Striporama (also known as Striporama of Burlesque) is a 1953 American comedy film directed by Jerald Intrator and starring a number of burlesque comedy, dance and striptease acts popular during the early 1950s including Georgia Sothern, Lili St. Cyr, Bettie Page and Jeanne Carmen.

==Plot==

A meeting of the "Council of Culture" is taking place in New York City. The council is collecting various art forms for inclusion in a time capsule, However, the council members refuse to consider having mention of burlesque entertainment in their time capsule. News of the decisions reaches a trio of burlesque comics (Jack Diamond, Mandy Kay and Charles Harris), who disrupt the council's meeting by imitating gangsters. The three funnymen take out a movie projector to offer evidence of the artistic value of burlesque entertainment. The remainder of the film is a plotless revue that features such acts as stripper Rosita Royce dancing with a number of trained birds, the Apache-style dance duo of Marinette and Andre, a male bodybuilder dubbed "Mr. America" who flexes his muscles and plays the harmonica while balancing a blonde woman on his shoulders, a number of routines featuring solo women (including Lili St. Cyr) in various acts of undressing, and several comedy sketches including Diamond, Kay and Harris.
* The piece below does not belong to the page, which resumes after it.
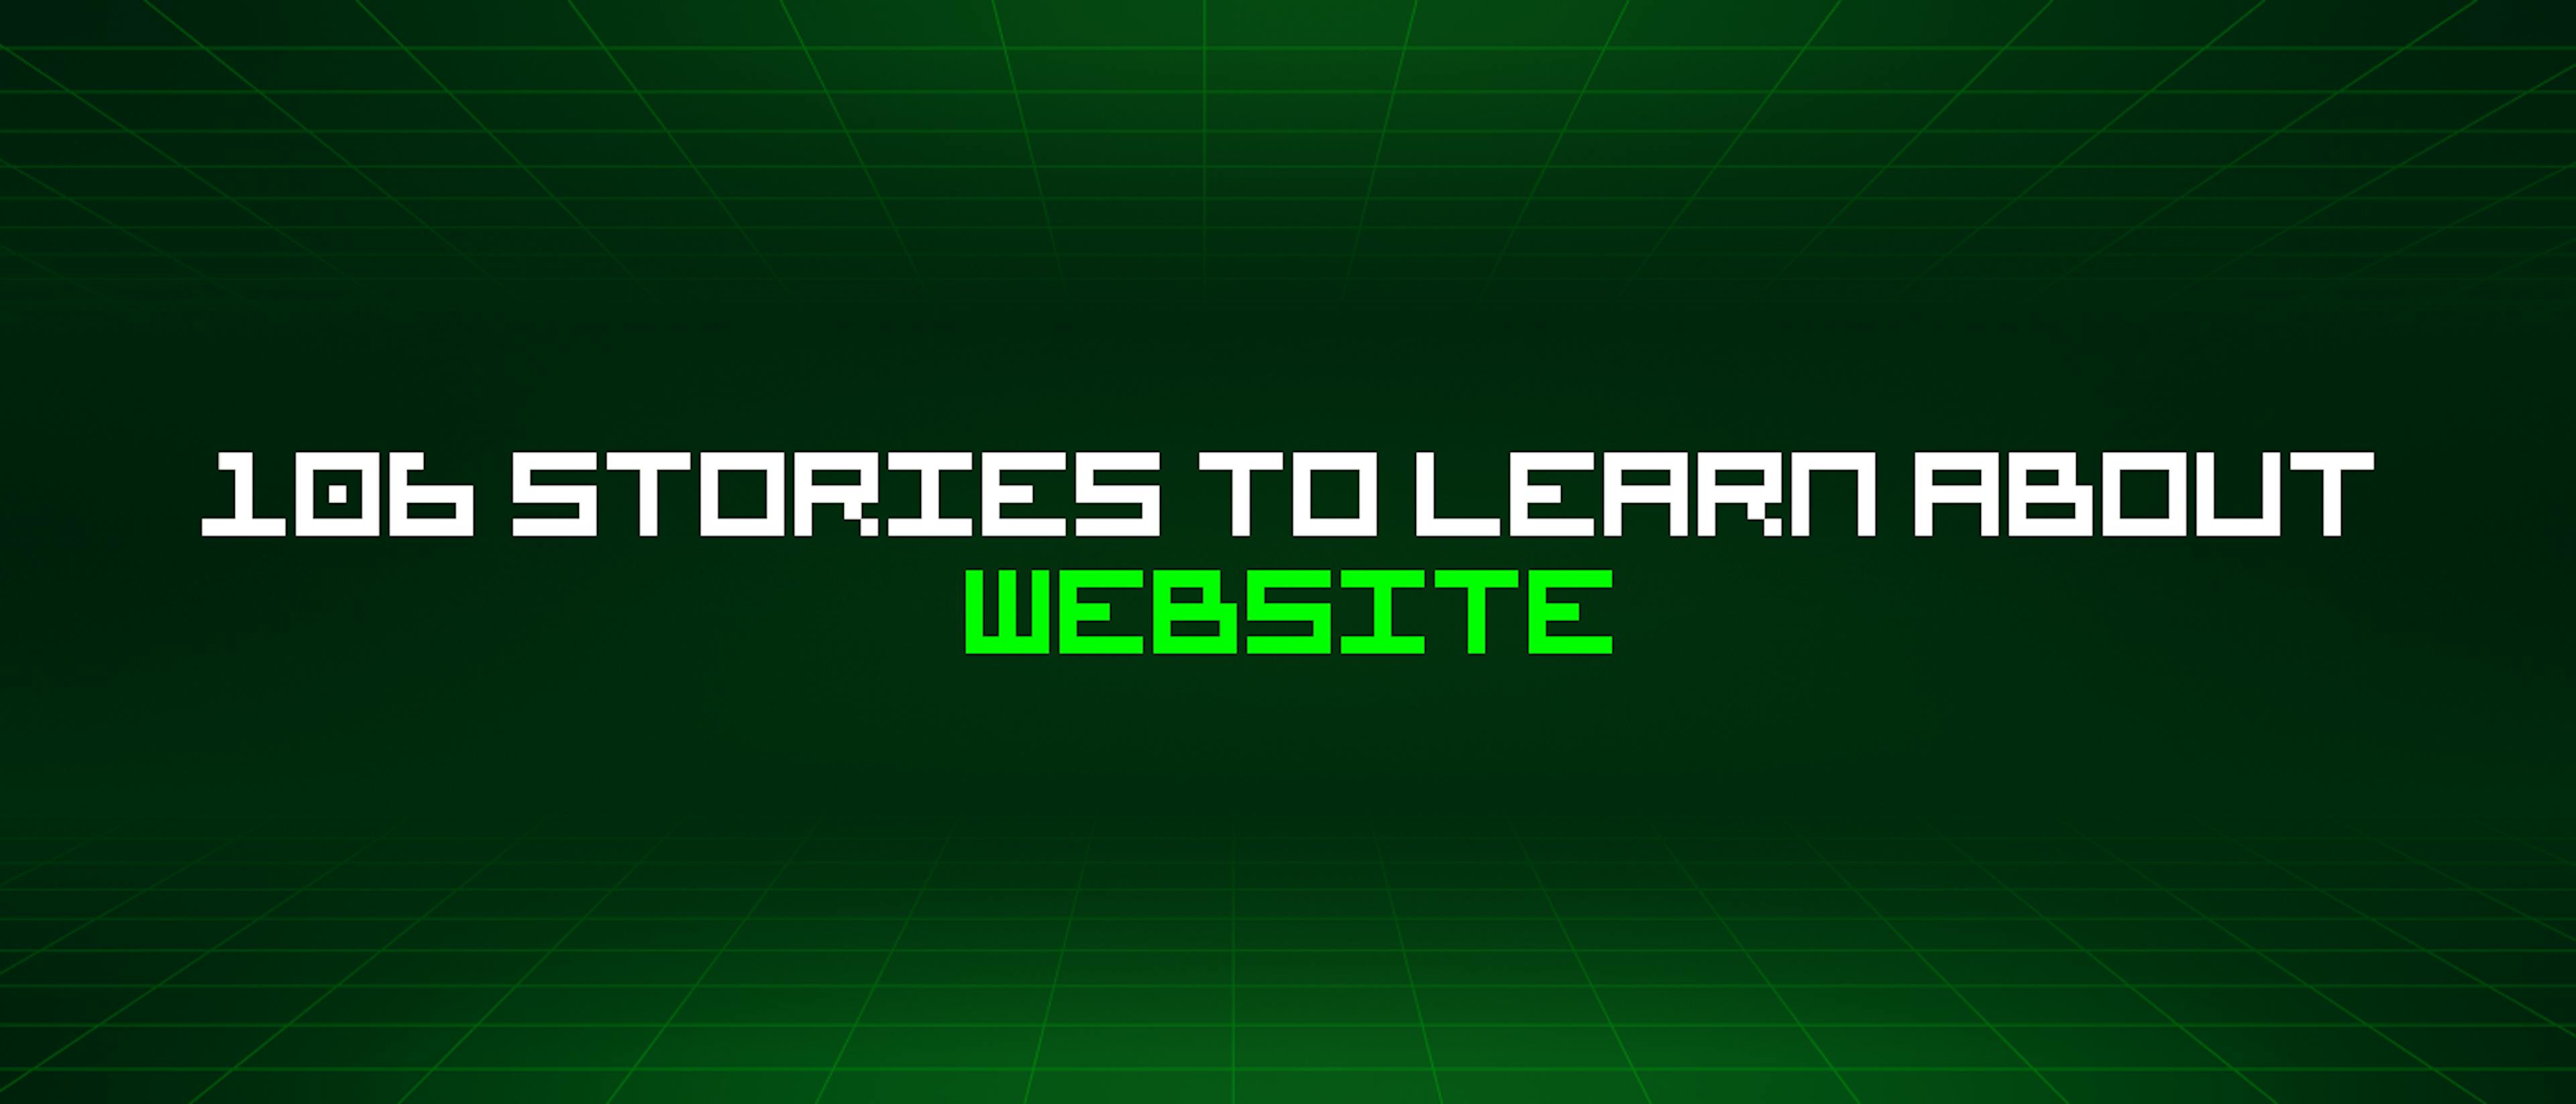 featured image - 106 Stories To Learn About Website
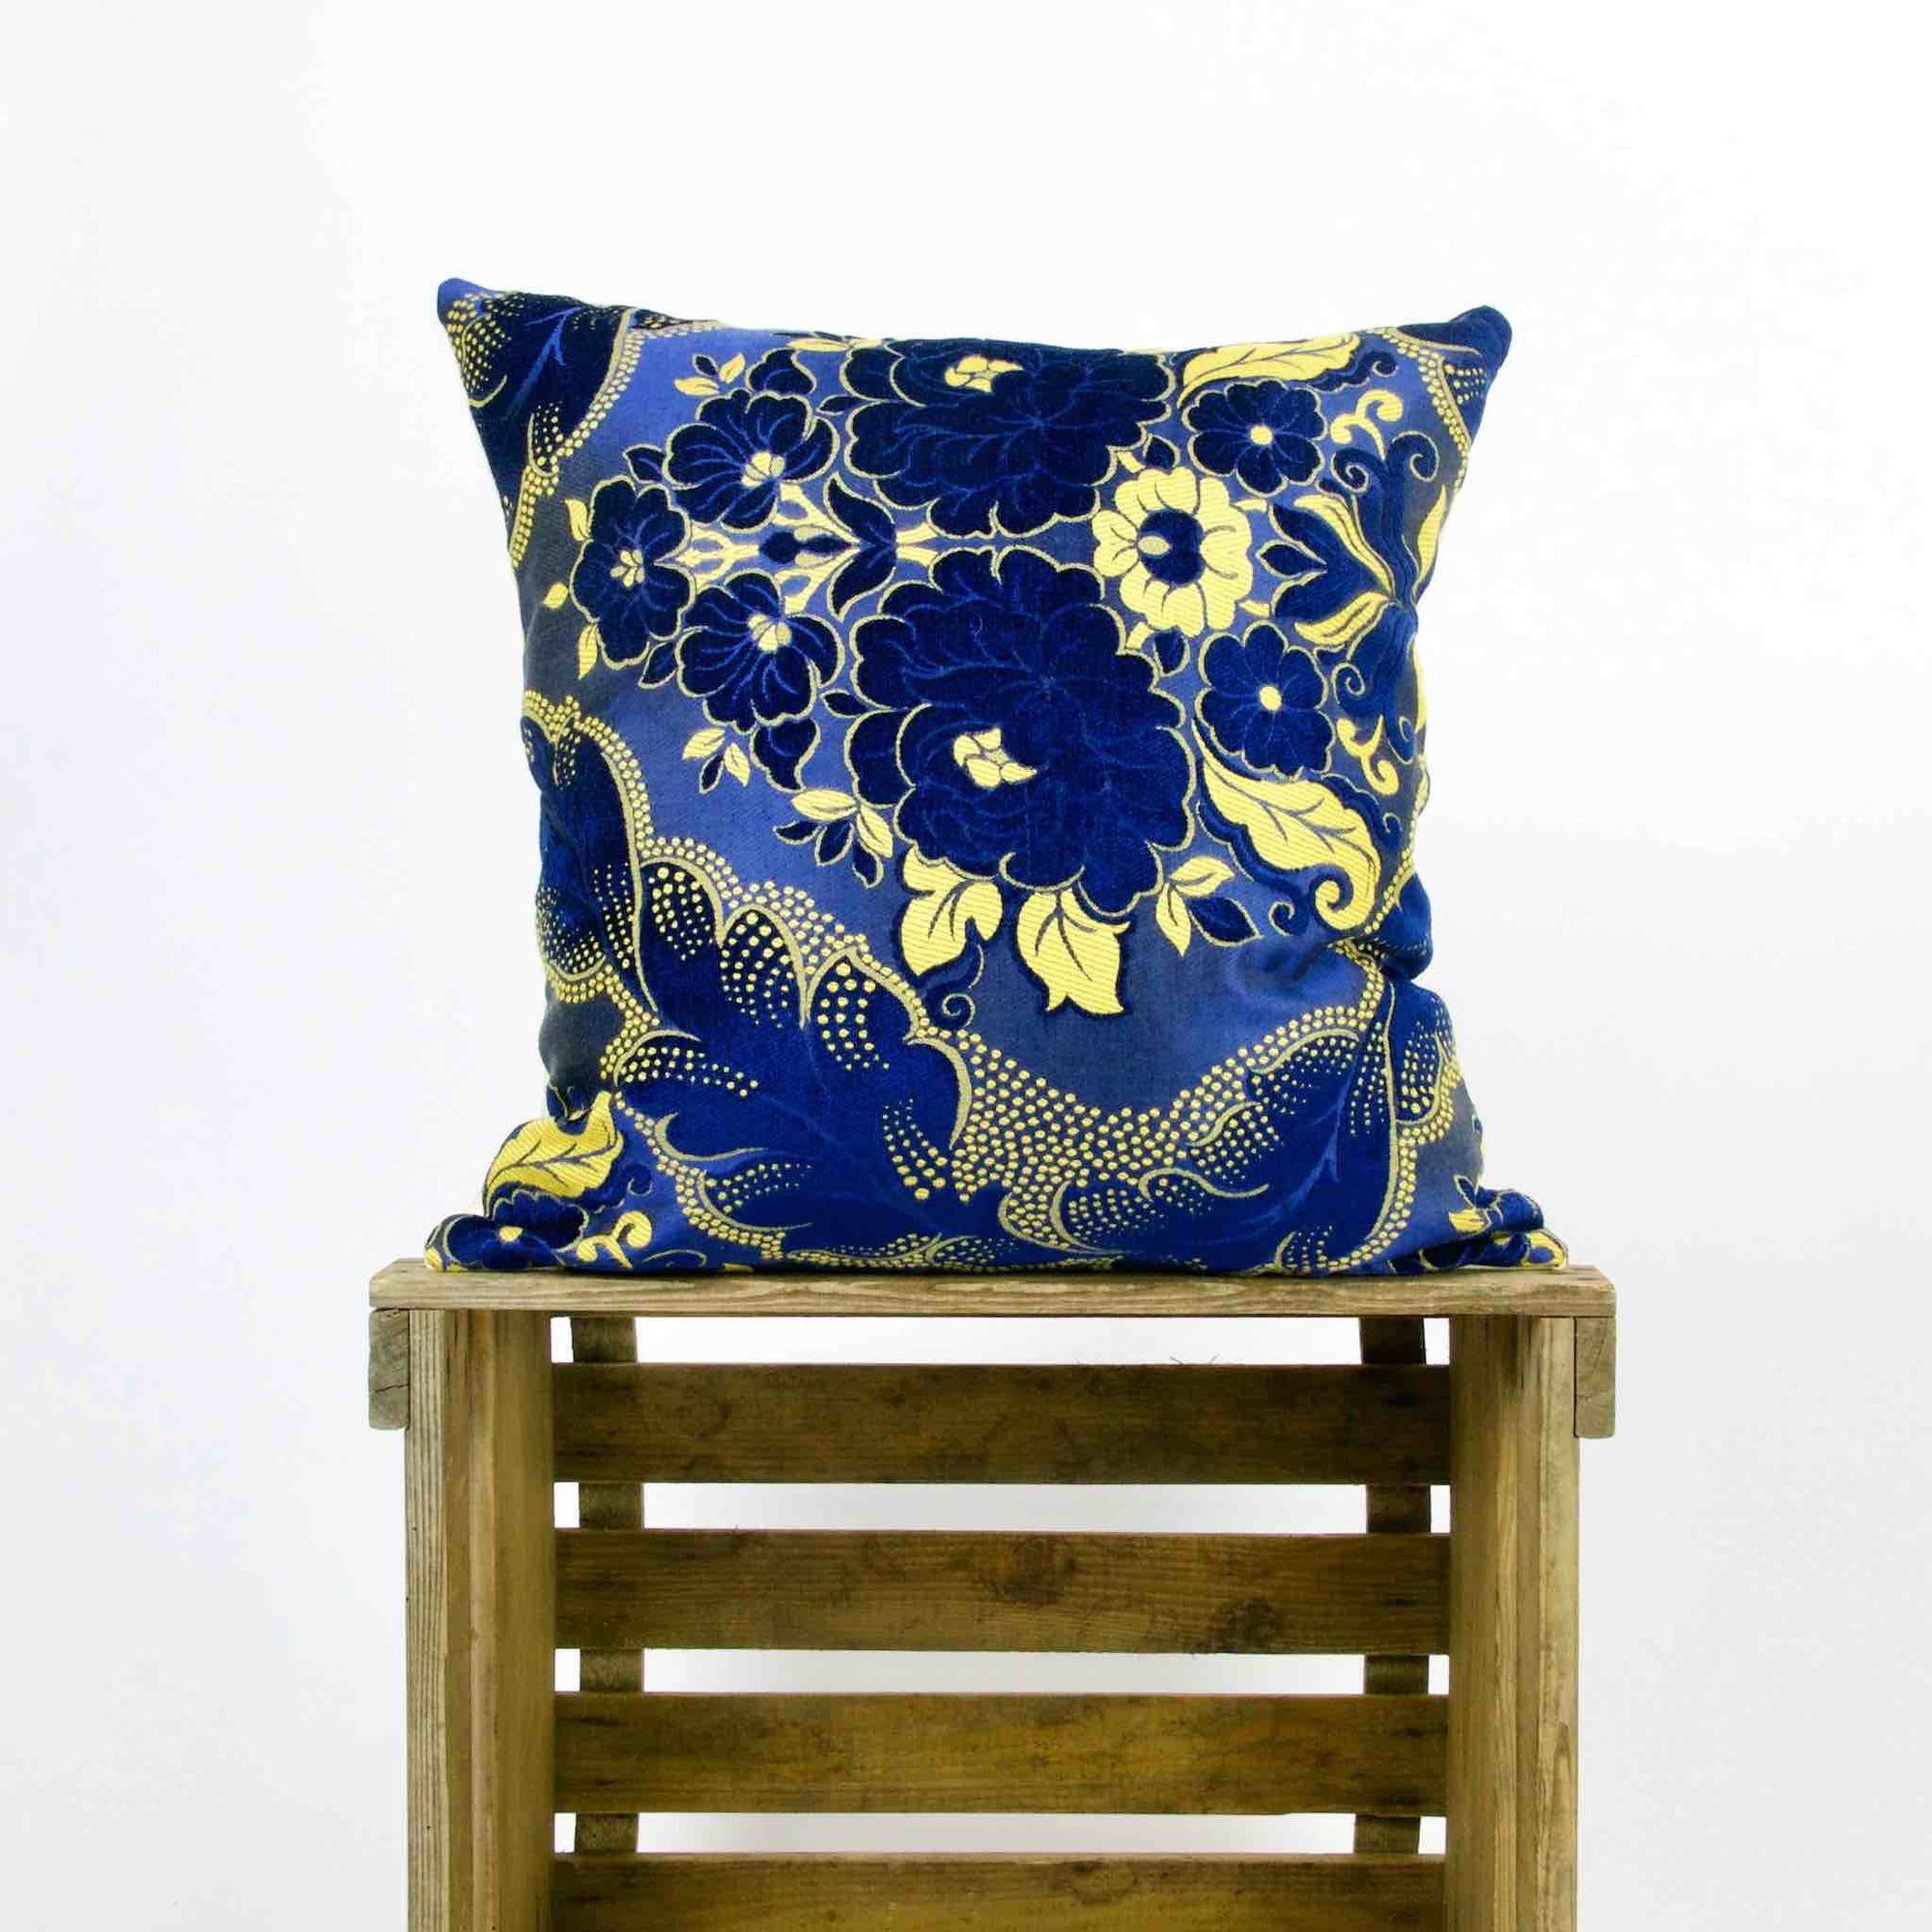 Yellow Blue sofa pillow standing on a wooden box

== Cast (as themselves) ==
- Georgia Sothern
- Jack Diamond
- Jeanne Carmen as Venus Beauty
- Lili St. Cyr
- Mandy Kay
- Rosita Royce
- Charles Harris
- The Venus Beauties
- Marinette and Andre
- Bettie Page
- Pat Lombard
- Nola Lee
- Betty Tunell
- Doris MacKenzie

==Production==

Striporama was filmed in color, which was unusual for low-budget burlesque revue films. The production also offered the only color footage of Bettie Page in a speaking role. In the film, Page appears twice: in a comic sequence where she is the shared dream of roommates Diamond and Kay, and later as a harem girl who enjoyed an extended bubble bath. Striporama also saw an early appearance by actress Jeanne Carmen, who had a dialogue-free bit part as a streetwalker that circled the Marinette and Andre dance number.

== Release ==
Striporama was originally released in adults-only theaters that specialized in exploitation films.

== Reception ==
In a contempary reviewVariety wrote: "Striporama is the closest thing to a burlesque show, placed on celluloid, that has been concocted of late, It has all the moss-covered burley comedy skits and routines, and also the strippers and a line of show gals, latter being surprisingly comely. Color of a sort has been added. This all adds up to a very strange conglomeration, but it will do business via the readily exploitable stripper angle. This is one of the few so-called burley pictures that even partly lives up to its sexy lobby display. Some of the stripping sequences have been done with liberal use of closeups. A few of the sexy incidents and the gags are put over with all the adroitness of a sledgehammer. A few of the strippers suffer from being captured too closeup. One of the best parts of this is termed a specialty, "Cinderella's Love Lesson," which is merely Lili St. Cyr doing a modified, original strip. Of the principal strip artists, Rosita Royce and Georgia Sothern shape best. Jack Diamond plays straight, with Mandy Kay and Charles Harris handling the burlesque comic routines."

== Rediscovery ==

Over the years, the last five minutes of original footage became lost. As a public domain film, it had been available from several home video labels. In May 2001, the film had a theatrical re-release in New York City.

== Modern appraisal ==
Critics who reviewed Striporama nearly a half-century after it was created compared its rediscovery to its time capsule plot device.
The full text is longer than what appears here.